Eiteljorg Museum lures visitors with expanded Western horizon
INDIANAPOLIS (AP) – It still looks like the Old West, a stately, adobe-ish structure that’d fit in on a John Ford/John Wayne set, but the Eiteljorg Museum of American Indians and Western Art lately has been living in the moment.
Saturday, for example, the museum screened Two Spirits, a documentary about the murder of a transgendered Navajo teenager. And over the last three years, visitors ogled stylized guns, motorcycles, and guitars, all symbols of the American west, museum officials say.
These exhibits and others have packed the house and changed the museum’s culture. After two decades of being stuck at 100,000-visitors-a-year, in 2010 the Eiteljorg jumped to 140,000, and has stayed there. It’s on track to clear $500,000 in ticket sales this year, three times what it brought in a little more than a decade ago (and a chunk when you consider the museum’s annual budget is just $7 million).
Museums and other cultural organizations, which rely heavily on charitable donations from wealthy people and corporations, have scrambled to appeal to broader audience since the 2008 financial meltdown led to shrinking donations and endowments. The Indianapolis Museum of Art’s director has talked about hosting a car show—and he’s behind the curve: In Nashville the Frist Center for the Visual Arts’ “Sensuous Steel: Art Deco Automobiles” closed two weeks ago, and drew 115,000 visitors (the Indianapolis Museum of Art would be happy to coax 80,000 to its giant Matisse show opening next month).
The Eiteljorg’s turnabout, which interestingly did not involve bringing in new leadership, started during the depths of the recession, The Indianapolis Star reported (http://indy.st/16vceBw ).
“What began the conversation was how awful the financial climate was,” said John Vanausdall, the museum’s CEO, who by then had been running the museum a decade and a half. “We looked ahead and thought, ‘Things don’t look good for the economy, and it’s time for the Eiteljorg to look for a new strategy.’ We interviewed visitors and potential visitors and concluded (the museum) had great awareness but could use better visitation.”
“We started brainstorming,” said Chris Katterjohn, a board member since the mid-1990s who recently wrapped up a two-year stint as board chair, “and we came up with a strategy we called ‘the unexpected West.’ When most people thought of the Eiteljorg they were thinking of Indian pottery, Western paintings, and we understand the audience for that niche is somewhat limited.
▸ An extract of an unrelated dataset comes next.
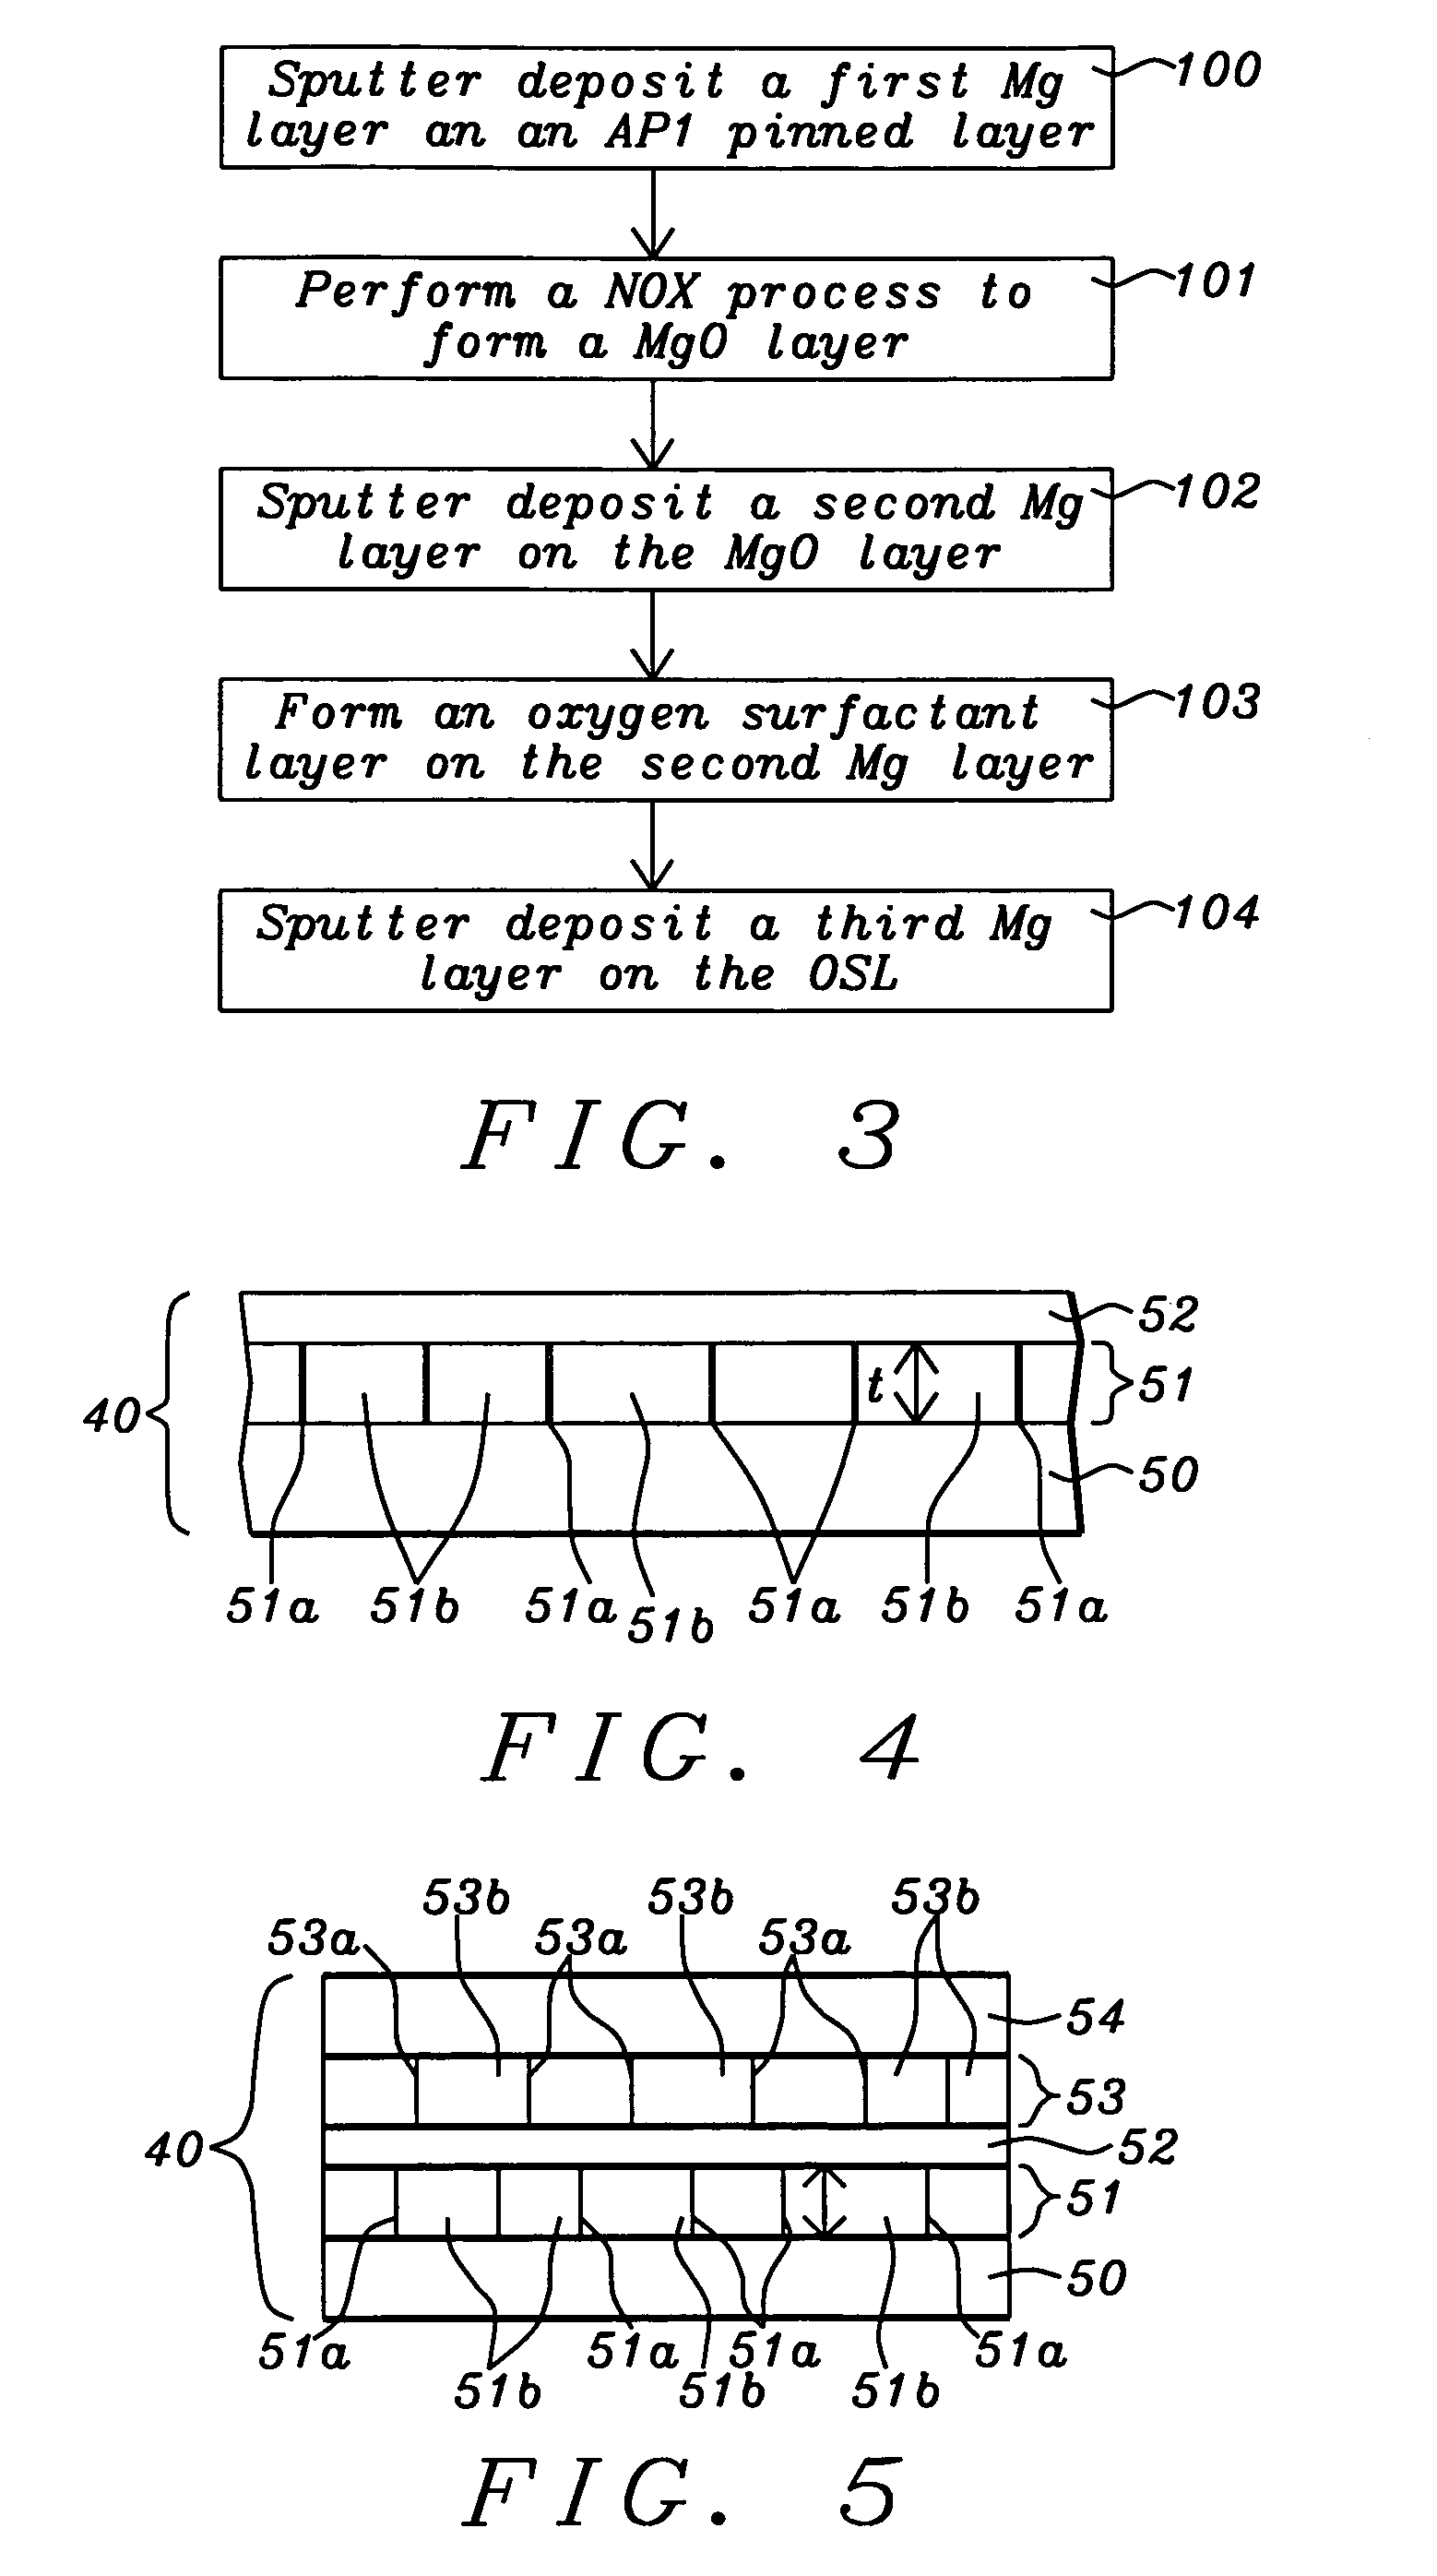 Structure and method to fabricate high performance MTJ devices for spin-transfer torque (STT)-RAM application

So we came up with topics we thought would be related to the west that would attract different audiences.”
The new strategy debuted in 2011 with the exhibit “Red/Black,” which focused on the shared history of African-Americans and American Indians. It drew an astounding 61,000 visitors, nearly twice as many as the museum’s previous record-holder, a 2001 exhibit of iconic photographs of the west by the legendary Ansel Adams.
Next came “Steel Ponies,” the motorcycles, which topped “Red/Black,” and after the motorcycles came the guitars, which turned out to be the most popular show in the museum’s 24-year history, with 63,000 visits.
In the middle of all this came “Jingle Rails,” a giant toy train set that since 2010 has been displayed at Christmas. The train makes its way westward from a tiny Indianapolis past miniatures of attractions like the Grand Canyon, Mount Rushmore and so forth. Since its debut, Jingle Rails has averaged 46,000 visits, or nearly five times as many visits as the western art stand-by Georgia O’Keefe drew in 2005.
In O’Keefe’s defense (or maybe in the museum-going public’s defense), the Eiteljorg doubled its spending on marketing.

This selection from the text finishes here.